Violations that produce USDA    7060s are never taken to full court cases and are meaningless in their effect, except for the   public existence   of the forms   that can be referenced by advocates.  The letters of warning themselves are sent to offenders who turn them over and use them as scrap paper, arguing that they prove nothing and mean less    because they have    never been taken to court   over them. 

 

 If the proposed PSHA challenge were to be successful in the courts, all of the HIO data, all of the warning letters, all of the information that has been     useful to advocates and to investigative reporters in helping to inform as well as to frame the public debate on this issue could simply disappear from public view.  It would be gone in the same way that the number two pencil has been erased by technology. 

 

All PSHA needs is the money to get going. $125,000 was recently made available through donors to TWHBEA to fund Project Pegasus, the HIO that will take the place of SHOW once all the pieces are put into place by the same old men that have run the industry for years.  Money will surely   also  be made available for PSHA to attempt to get rid of the mechanisms that have created a public record that has begun to plague them   now that the world knows where to go to find the evidence of the continuing practice of   soring.

 

Since the majority of the people leading that charge are of a certain age, the words to an old country song, “ Make the World Go Away”, should be lyrics that they both    remember and   embrace. 

 

Full disclosure is not their friend; erasing their mistakes in order to change their answers, just as they once did on their homework or while   copying answers from the kid next to them, is now the business of the day; and, as to the opinion of the rest of the world about their activities…. Well, frankly, they just don’t give a damn.

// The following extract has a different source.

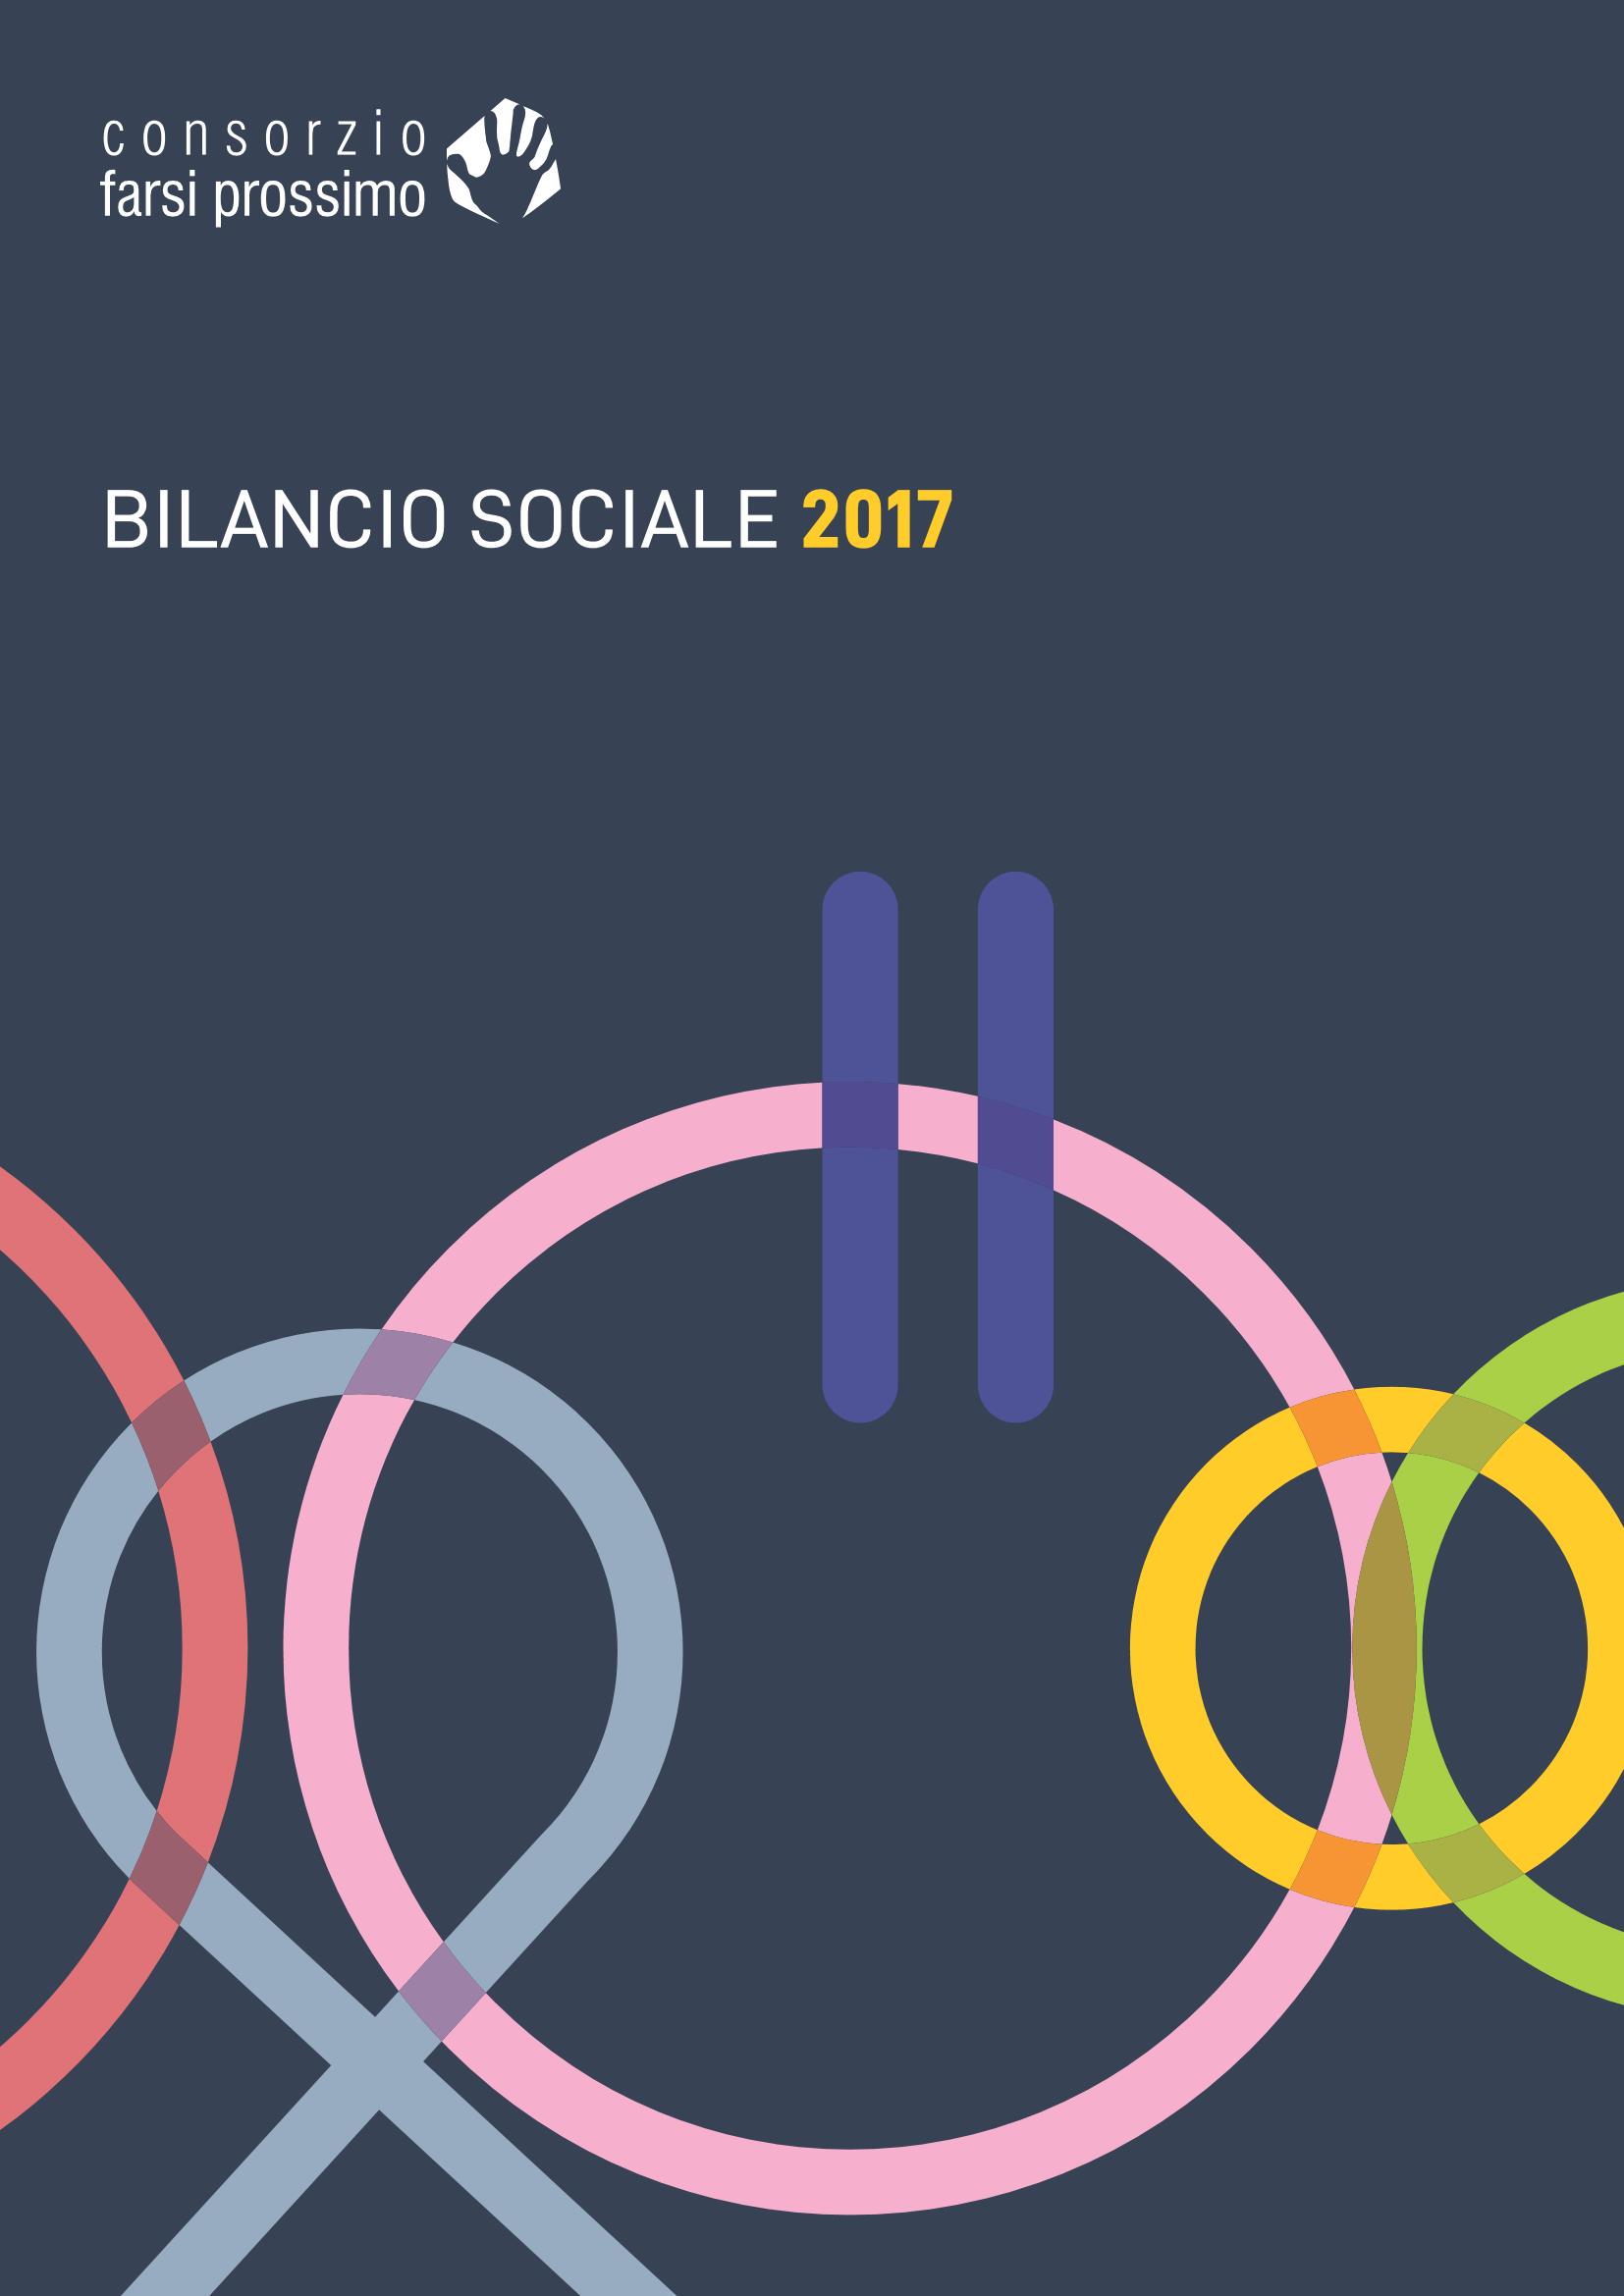 Bilancio sociale 2017 Page 1

This is why the veteran trainer    Billy Gray, still serving a federal suspension for violation for the HPA    that will last until 2018 ( and this  wasn’t his first time at the federal suspension rodeo),    was recently awarded the Walking Horse Trainers’ Association’ life- time achievement award. Mr. Gray    was the WHTA’s first honored recipient,  with the glow of the   award intended to erase the dismal   record   of  his past. 

 

The eraser is a wonderful tool when employed by those who know how to use it to full benefit.  As soon as the   records    disappear, pesky citizens and their protests , troublesome humane groups, and irritating organizations like the AHC and the AAEP and AVMA  and their meddling  will also  disappear once they are  deprived of the information   that they need to fight the battle against the sore horse,  or so this clique hopes.  Let’s all    hope that they’re wrong. It's going to be another court case that decides.